Once the pictures are set aside, transcribe each line of the data exactly.

> **Data**
= = = = = = =
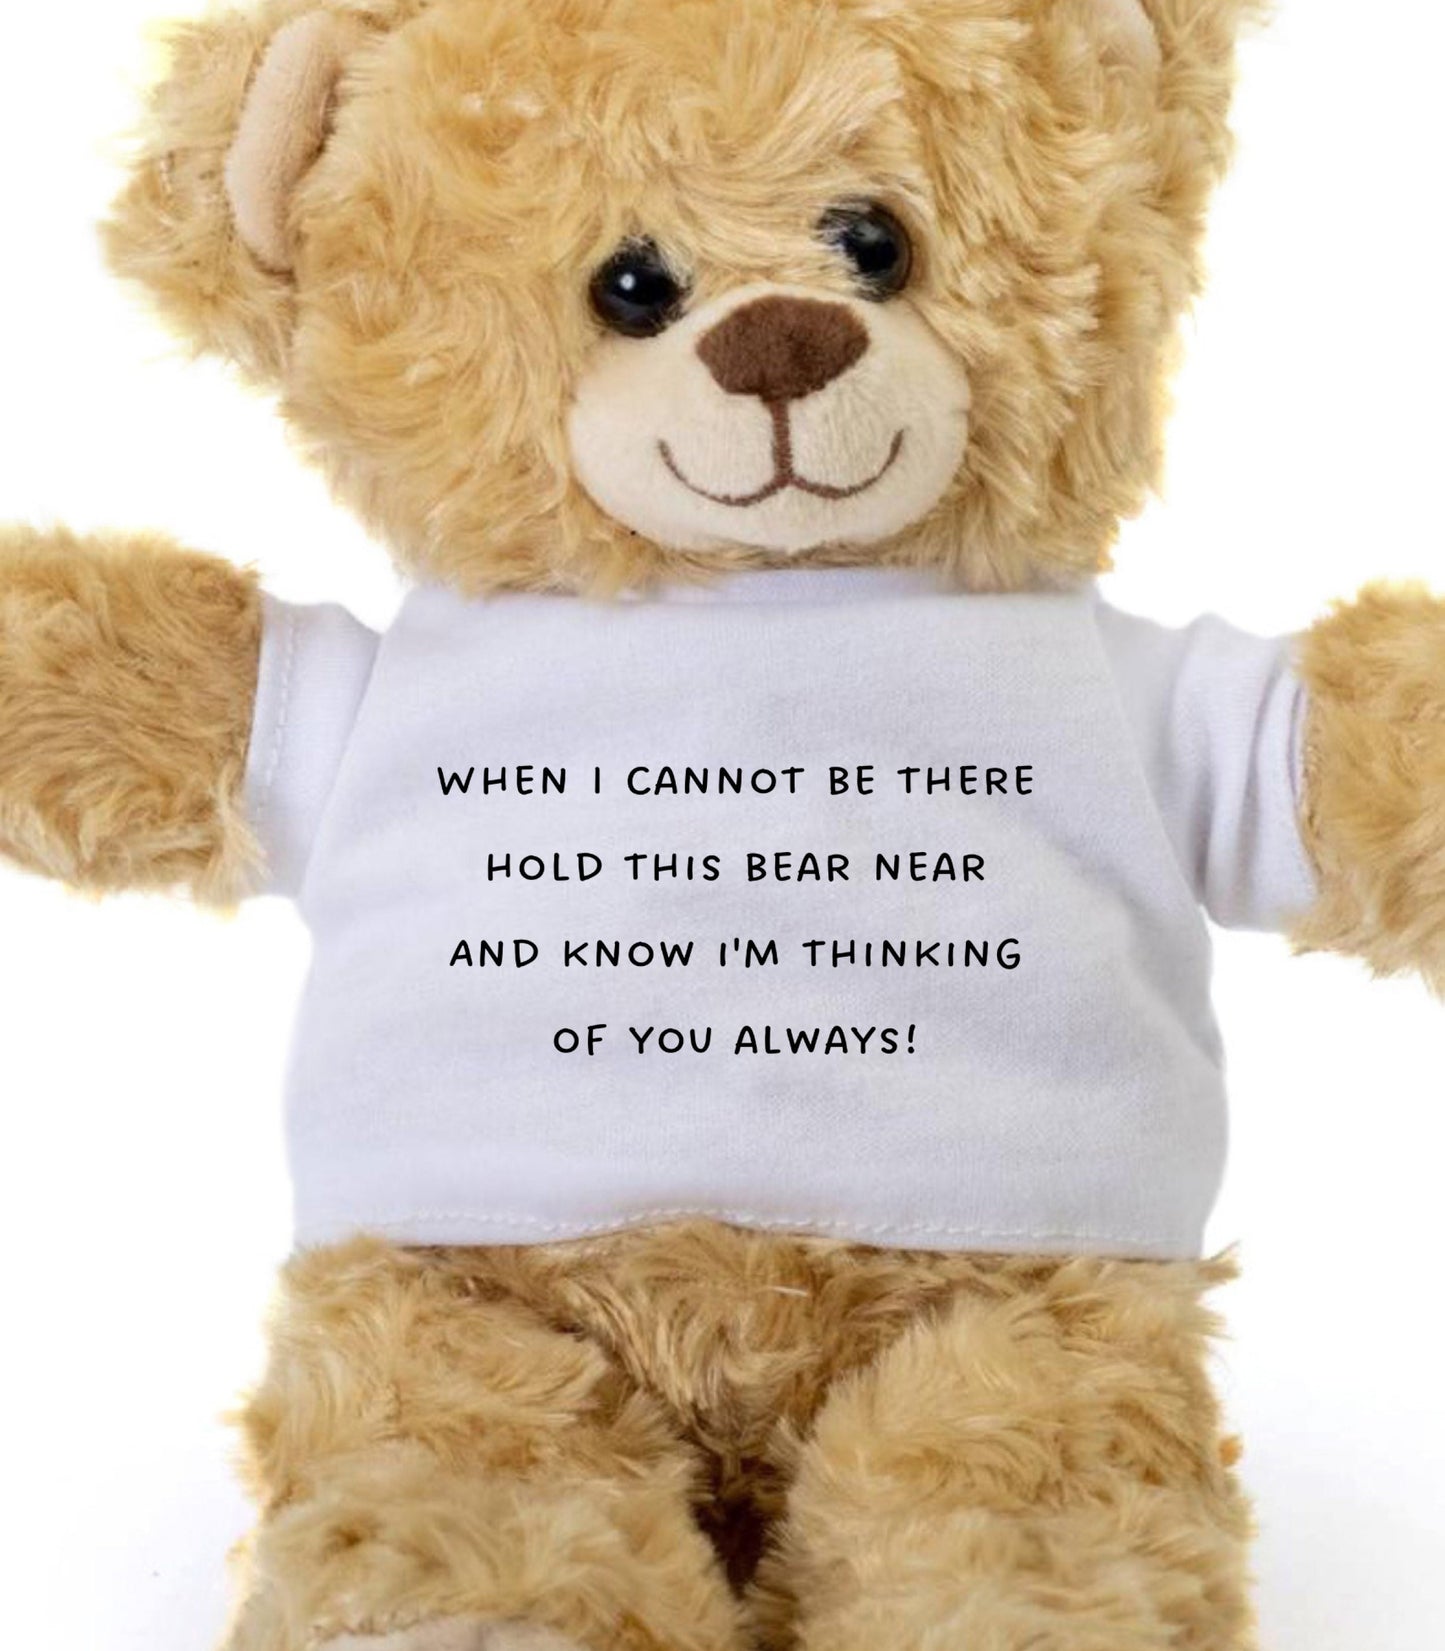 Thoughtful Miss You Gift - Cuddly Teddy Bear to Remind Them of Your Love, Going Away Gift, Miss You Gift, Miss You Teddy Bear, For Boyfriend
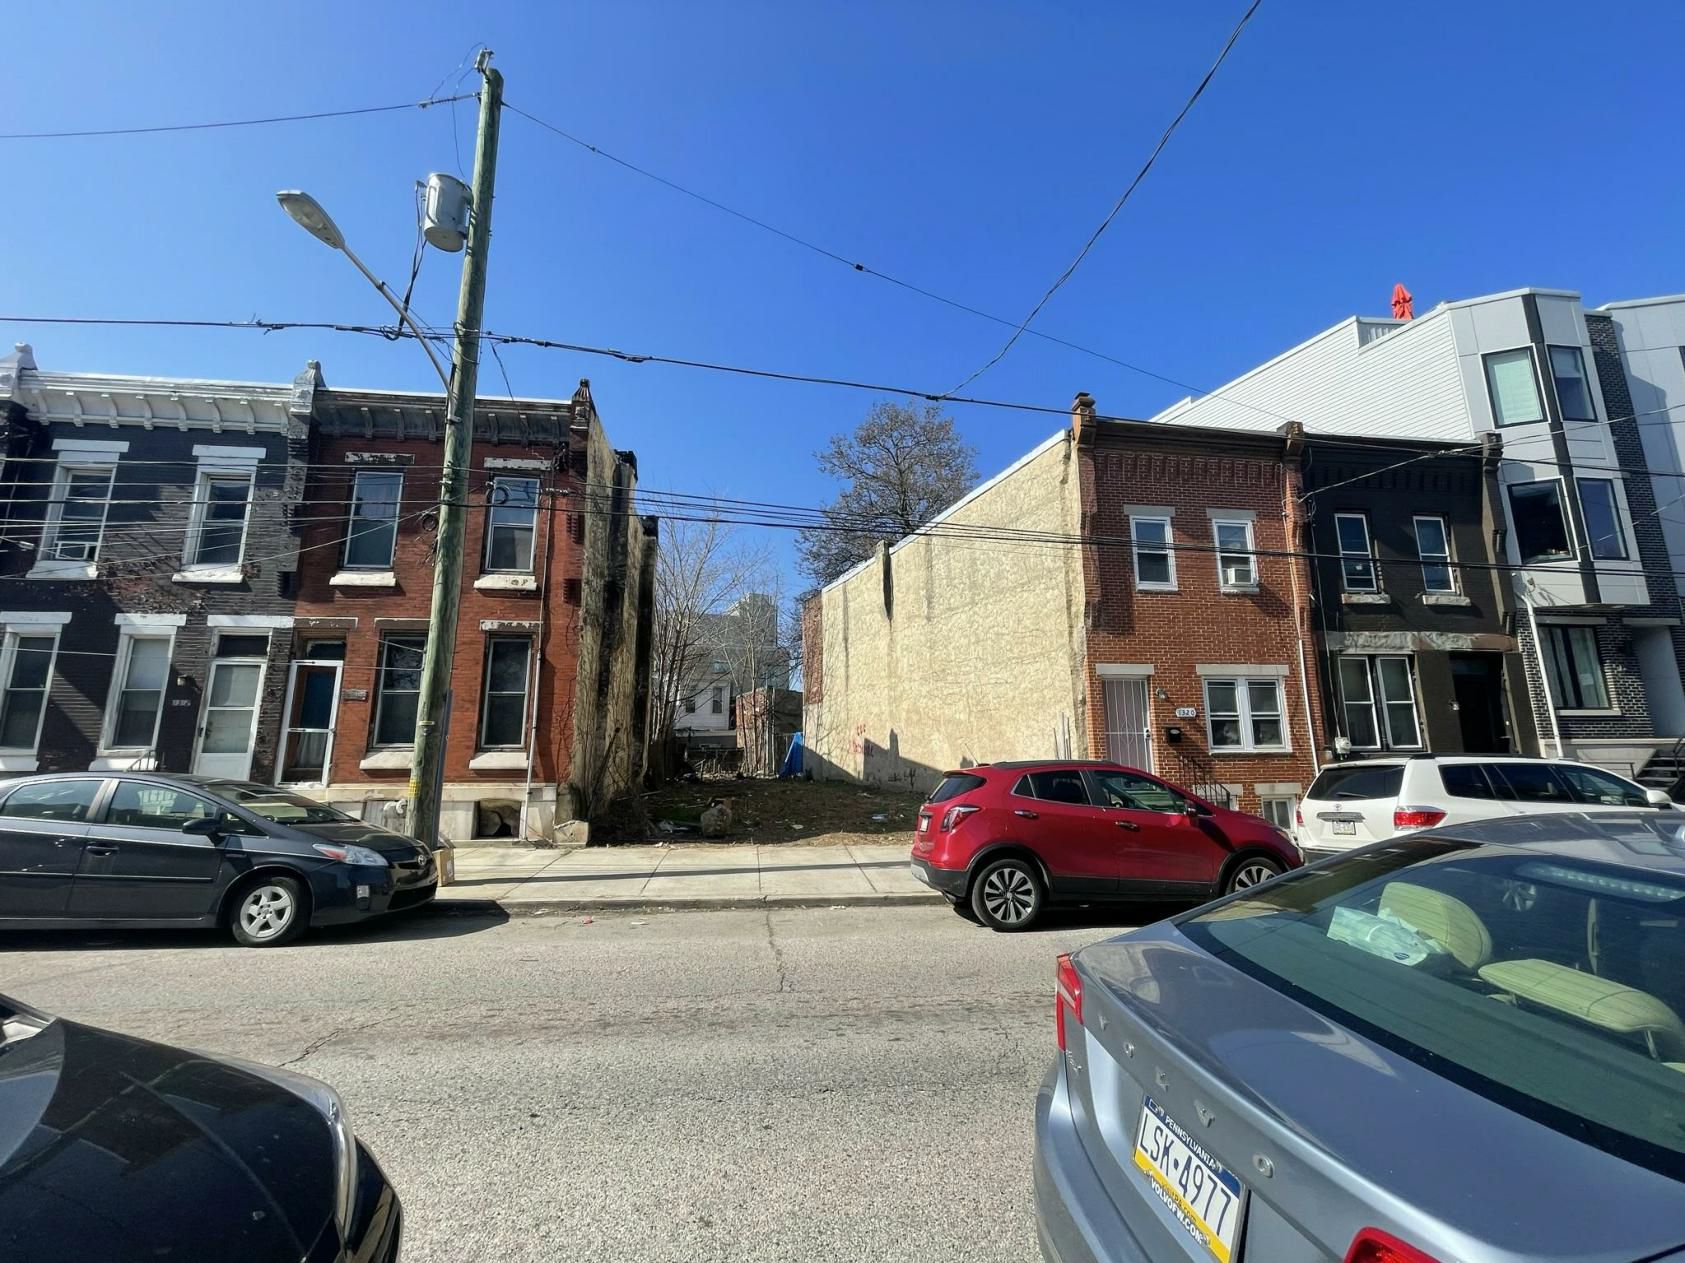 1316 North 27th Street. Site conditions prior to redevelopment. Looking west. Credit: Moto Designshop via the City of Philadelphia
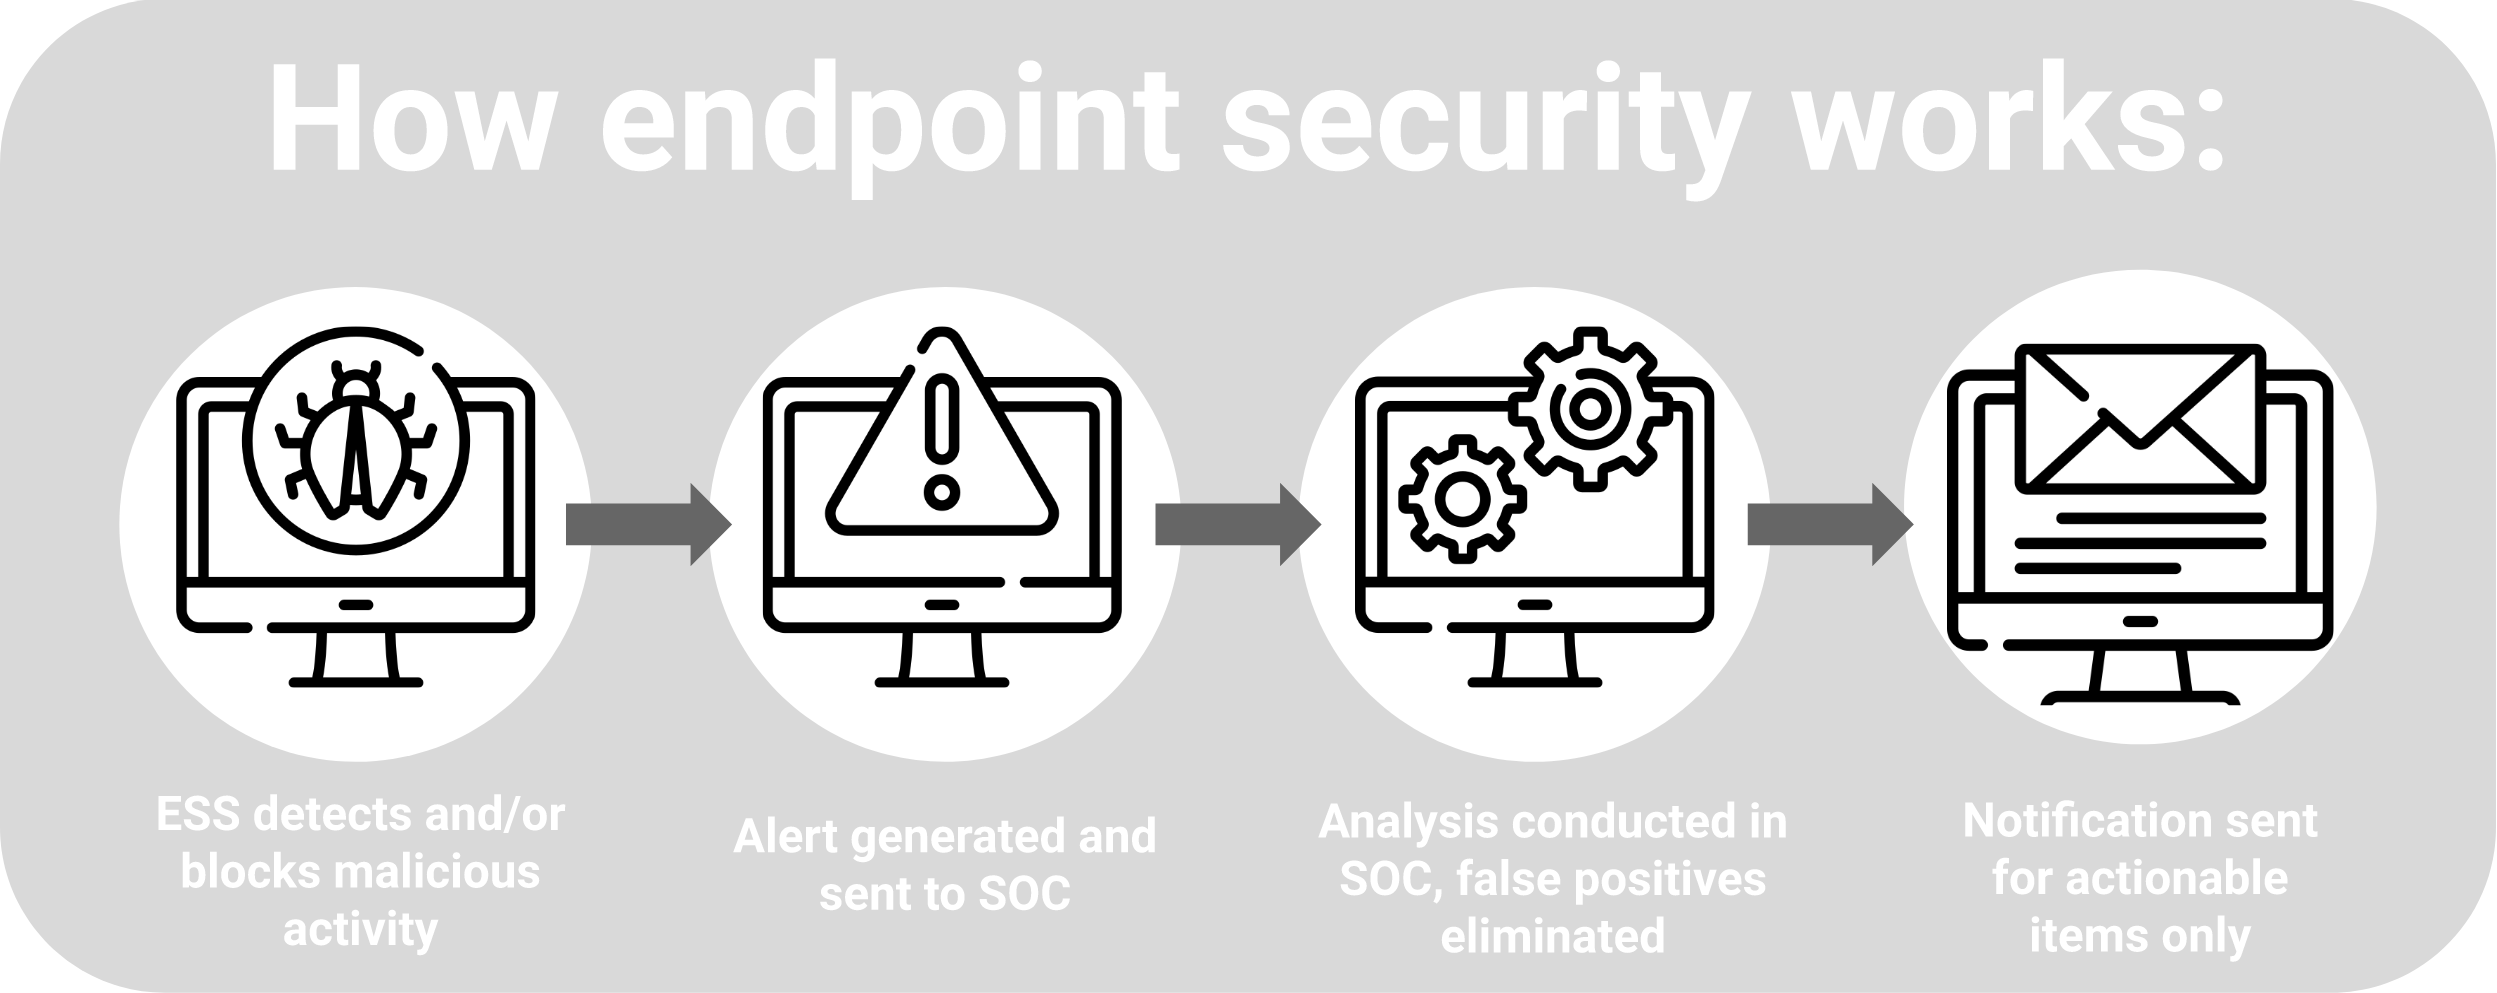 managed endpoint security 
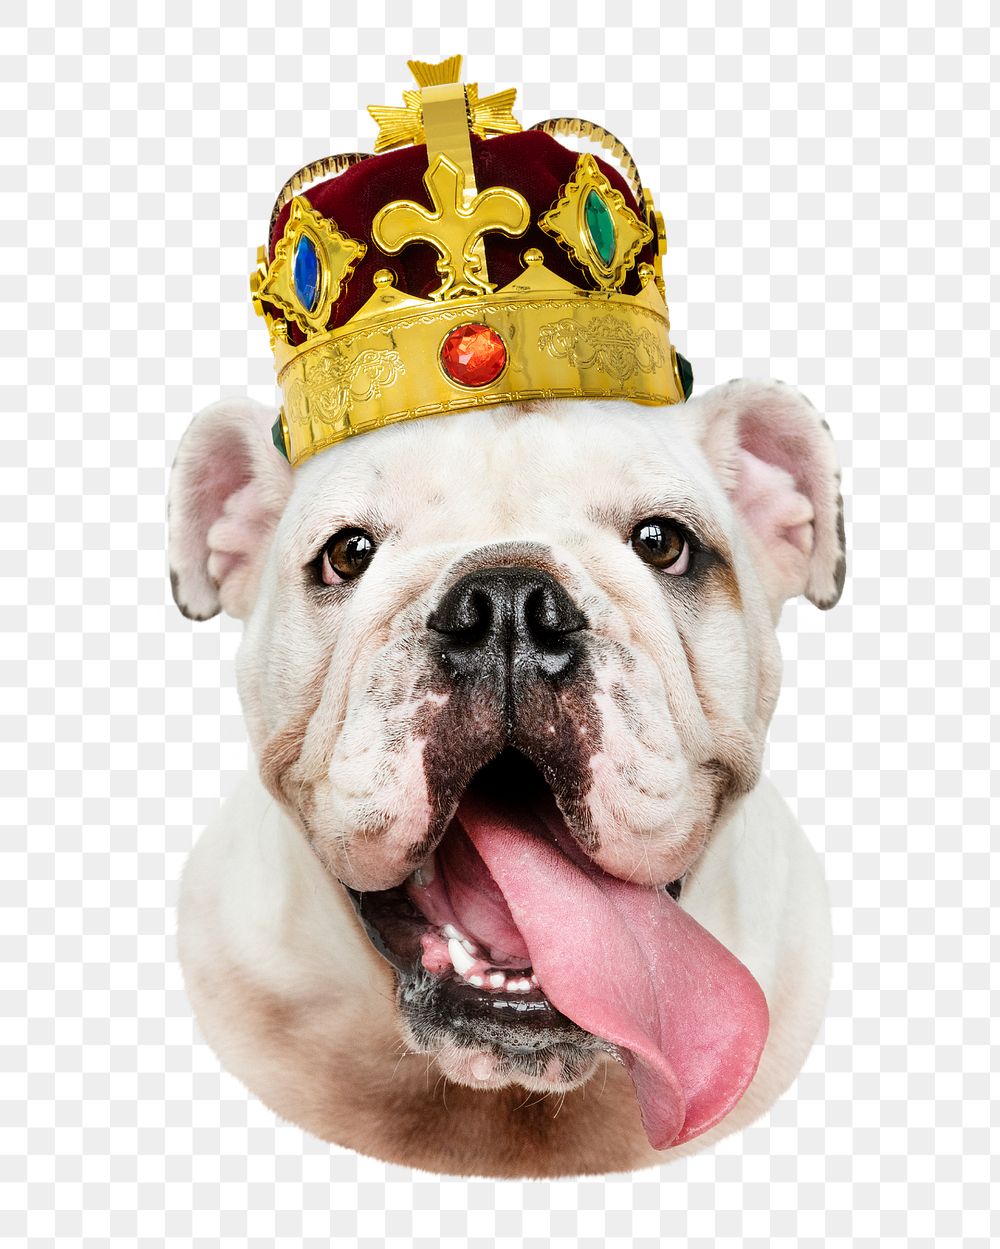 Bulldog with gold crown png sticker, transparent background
= = = = = = =
> **Answer to this task**
 Thoughtful Miss You Gift - Cuddly Teddy Bear to Remind Them of Your Love, Going Away Gift, Miss You Gift, Miss You Teddy Bear, For Boyfriend
 1316 North 27th Street. Site conditions prior to redevelopment. Looking west. Credit: Moto Designshop via the City of Philadelphia
 managed endpoint security 
 Bulldog with gold crown png sticker, transparent background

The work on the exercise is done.